In this lesson, students encounter the quadratic formula and learn that it can be used to solve any quadratic equation. They use the formula and verify that it produces the same solutions as those found using other methods, but can be much more practical for certain equations.

In upcoming lessons, students will continue to develop their understanding of the formula and its structure by using it to solve contextual problems and by analyzing its parts. After students have gained some experience working with the formula, they will investigate how it is derived.

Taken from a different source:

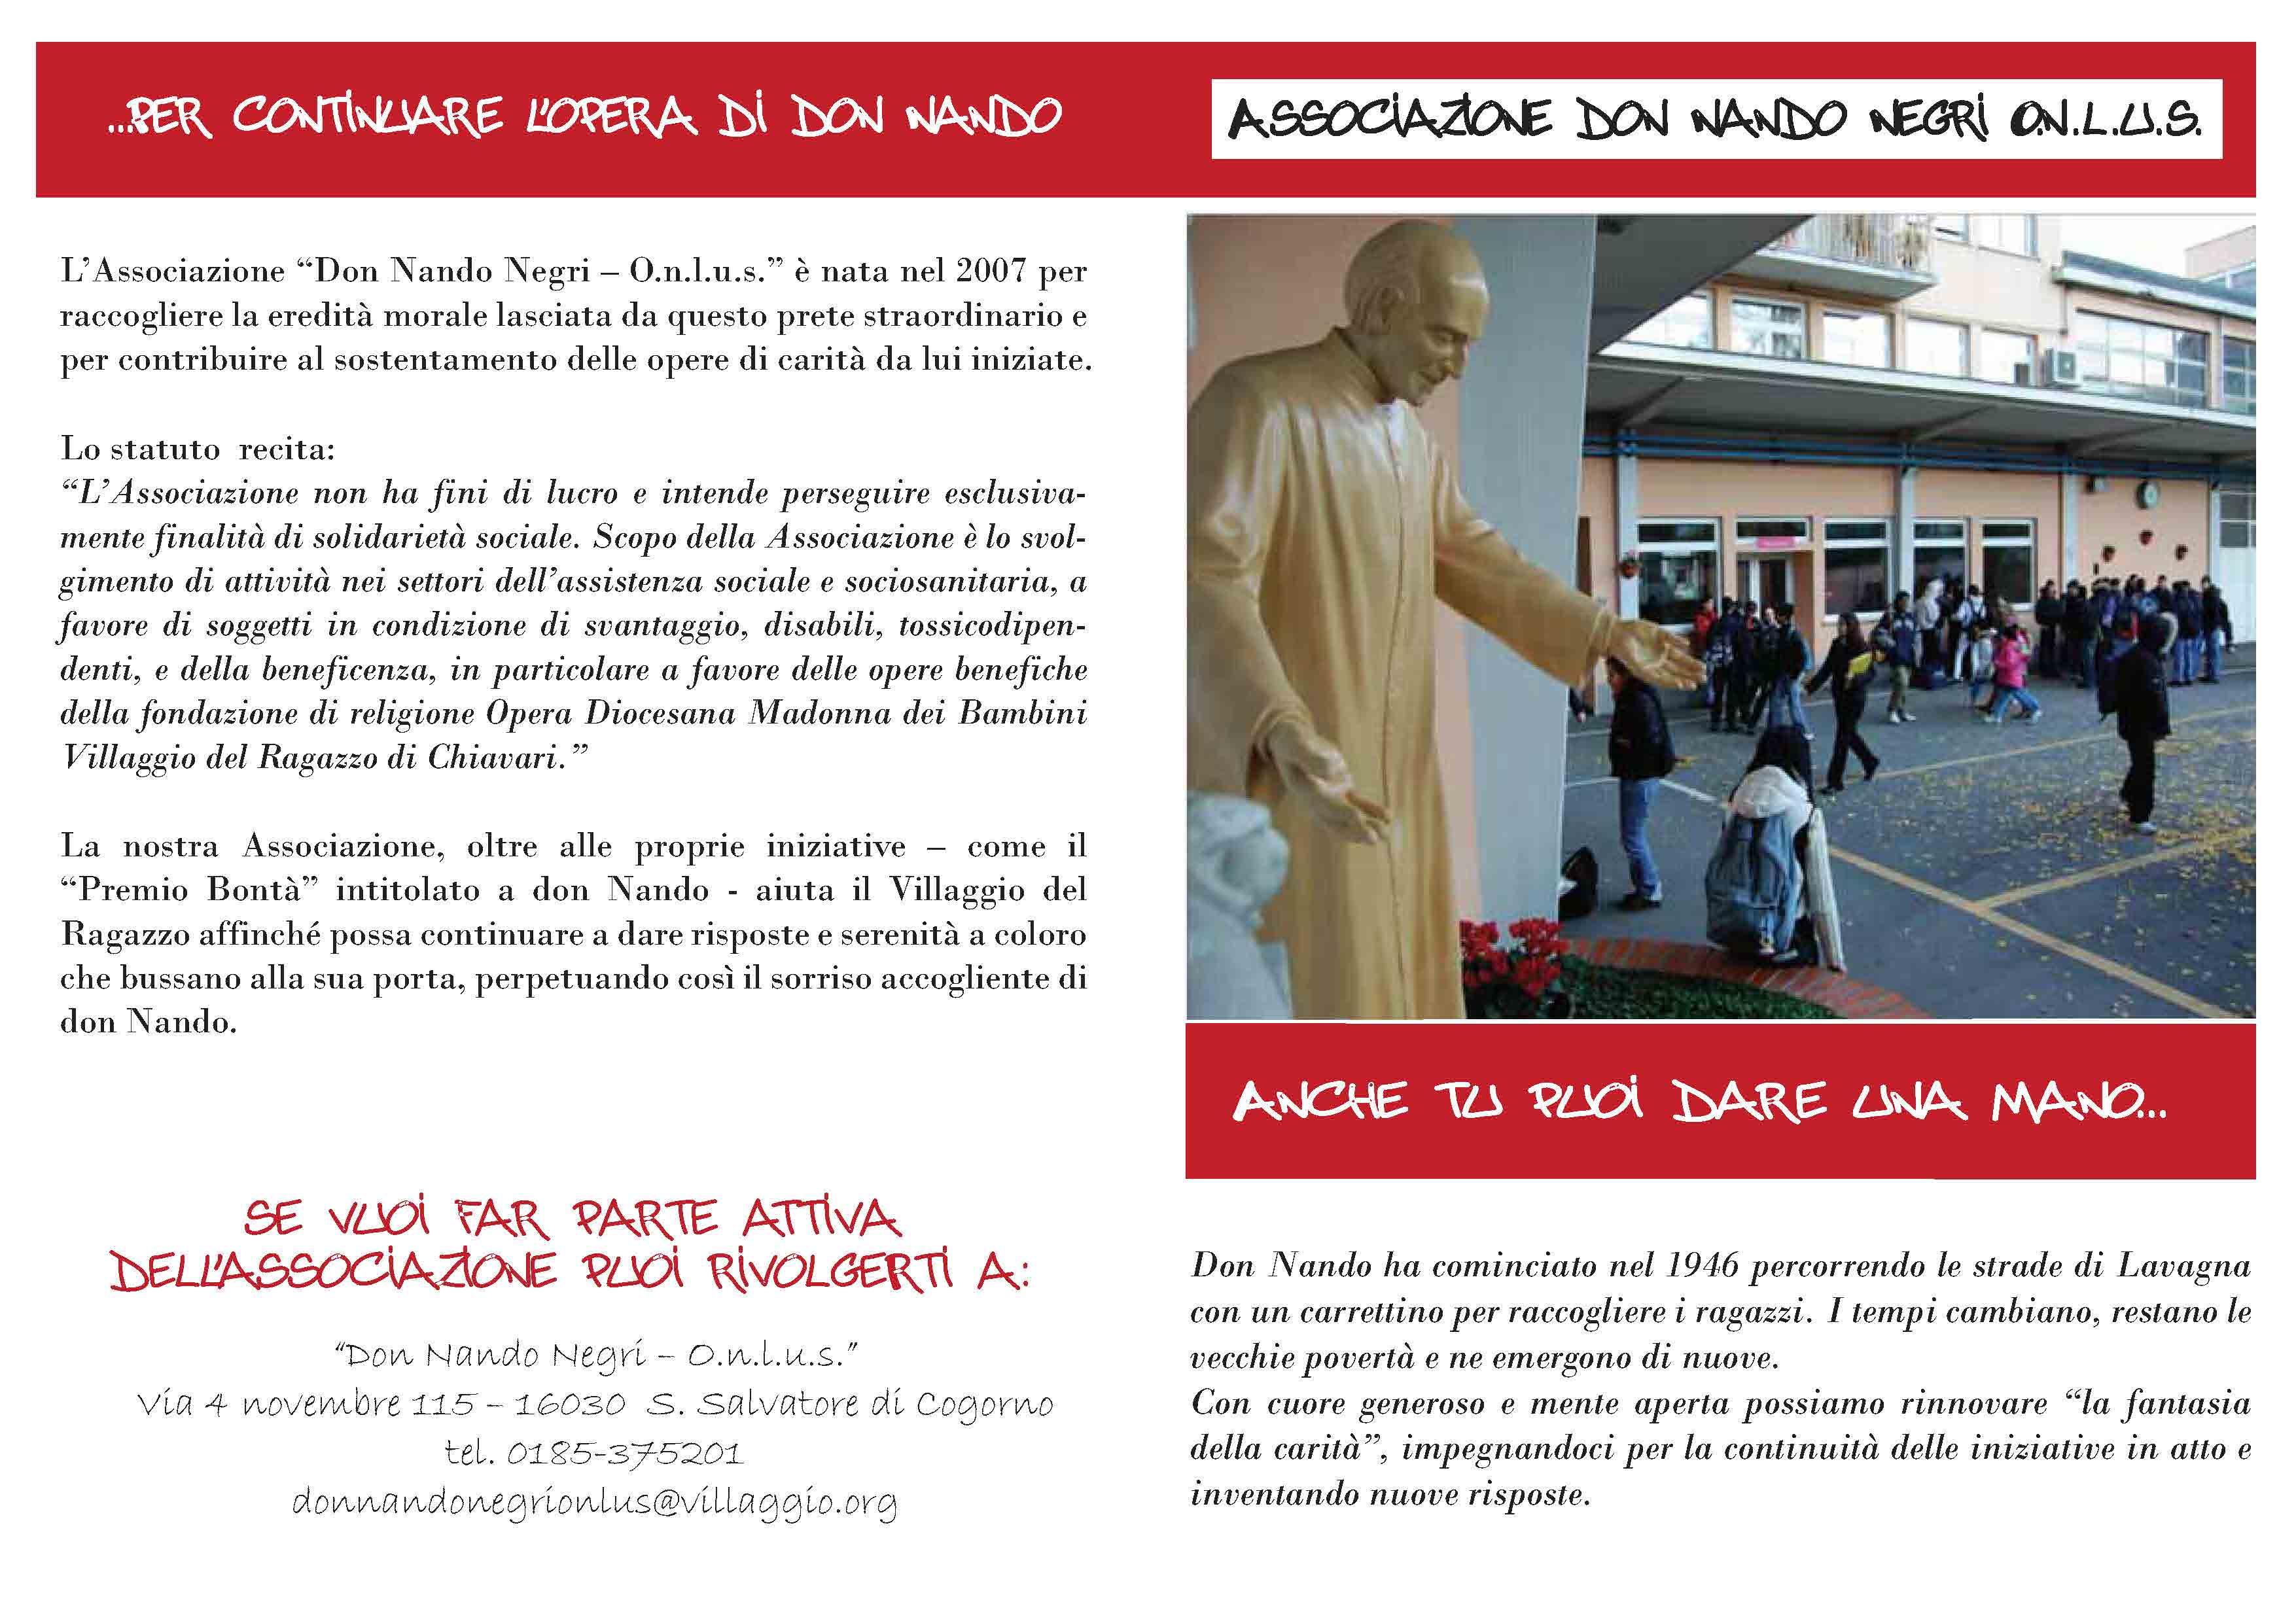 brochure-associazione-don-nando-negri-onlus-01
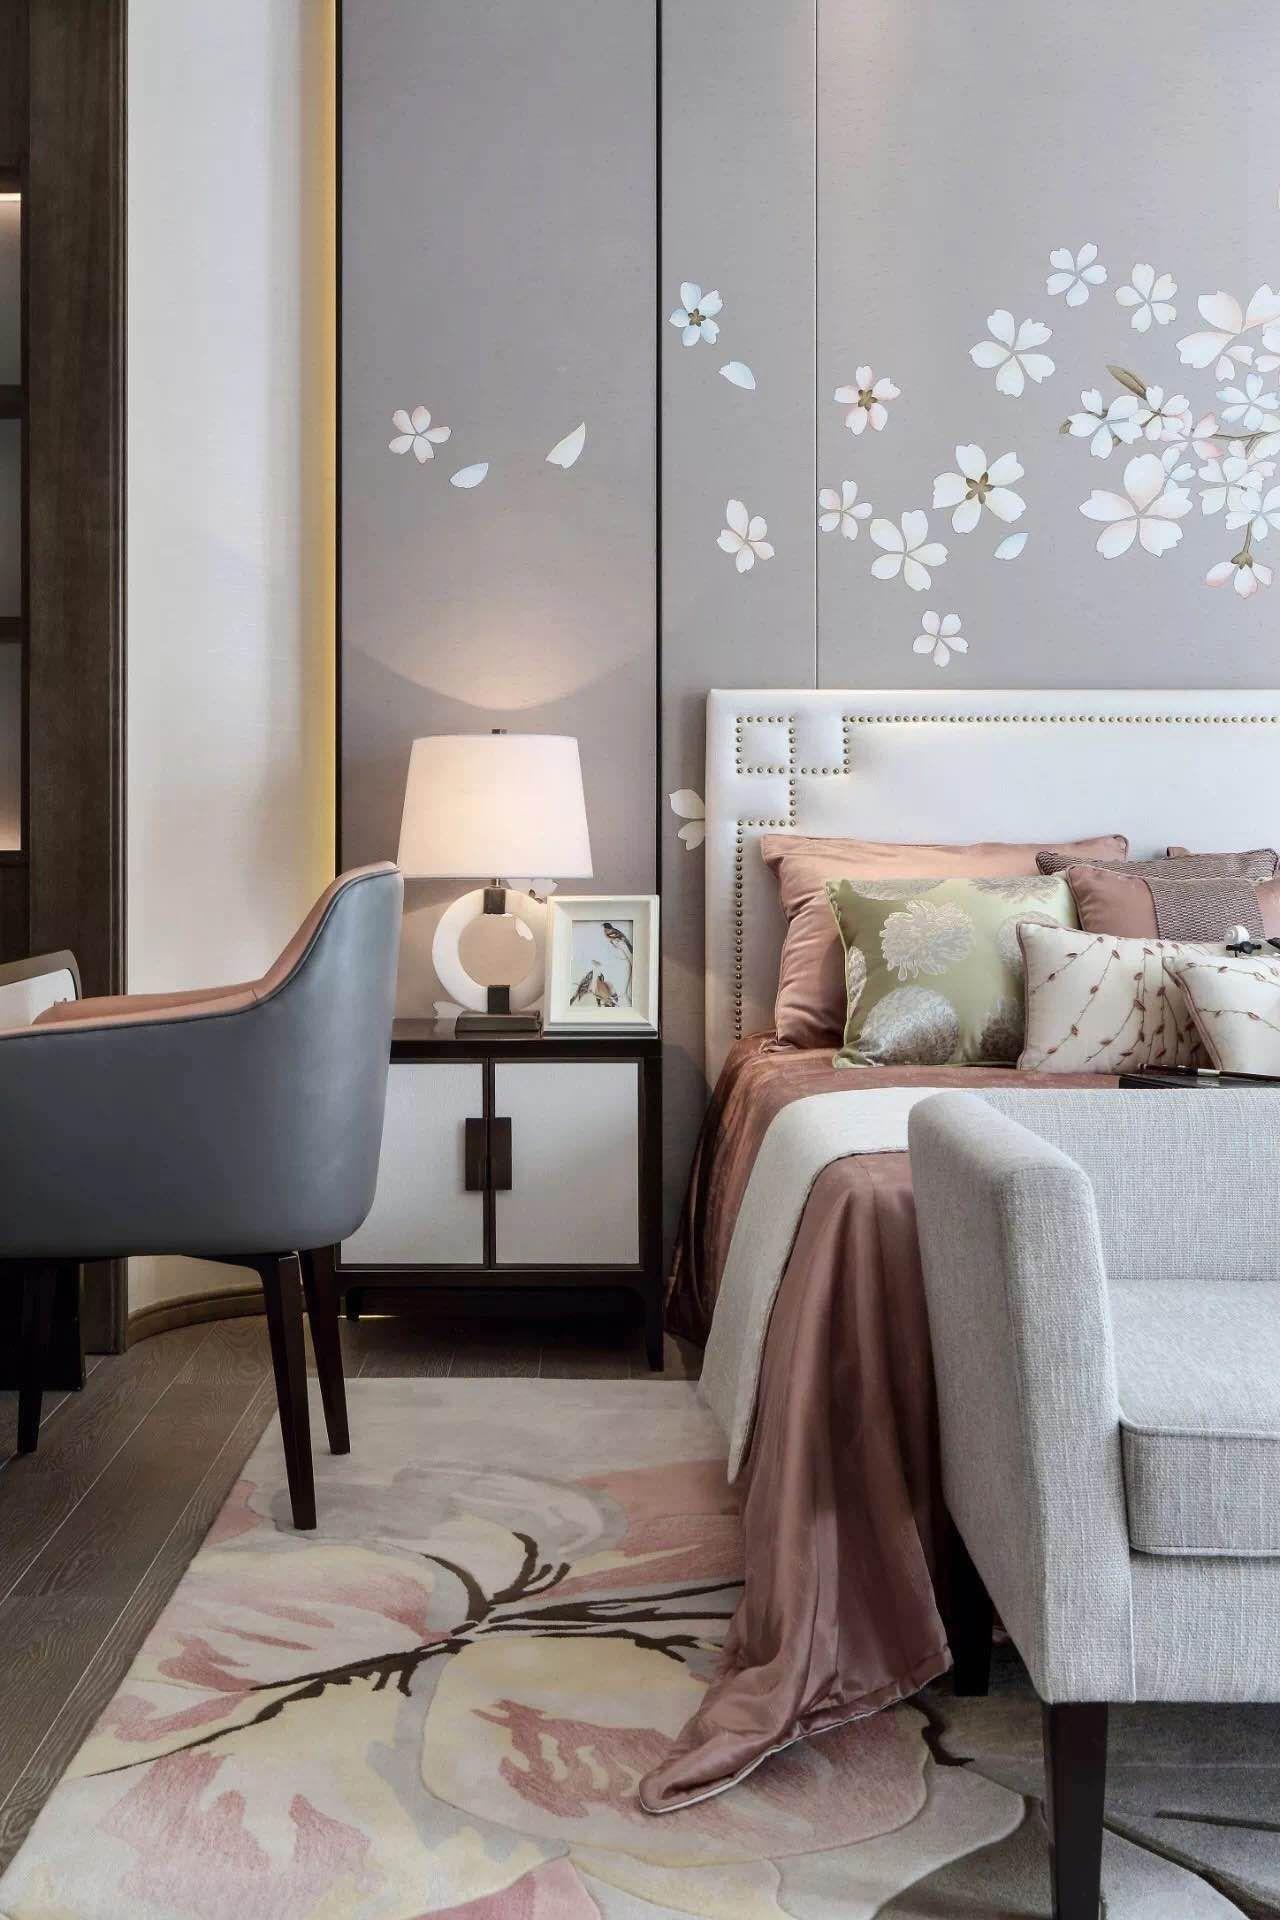 Pin de gonzalo de la lastra leyva en dormitorio for Decoracion habitacion matrimonio moderna

Using the quadratic formula to solve equations requires students to attend carefully to the parameters in the given equations (MP6) and to apply different properties of operations flexibly as they reason symbolically (MP2).

### Learning Goals

Teacher Facing

• Recognize that the solutions obtained using the quadratic formula are the same as those found by using factored form or by completing the square.
• Use the quadratic formula to solve quadratic equations of the form $ax^2+bx+c=0$.

### Student Facing

• Let’s learn a formula for finding solutions to quadratic equations.

### Student Facing

• I know some methods for solving quadratic equations can be more convenient than others.

Building On

Building Towards

### Glossary Entries

The formula $$x = {\text-b \pm \sqrt{b^2-4ac} \over 2a}$$ that gives the solutions of the quadratic equation $$ax^2 + bx + c = 0$$, where $$a$$ is not 0.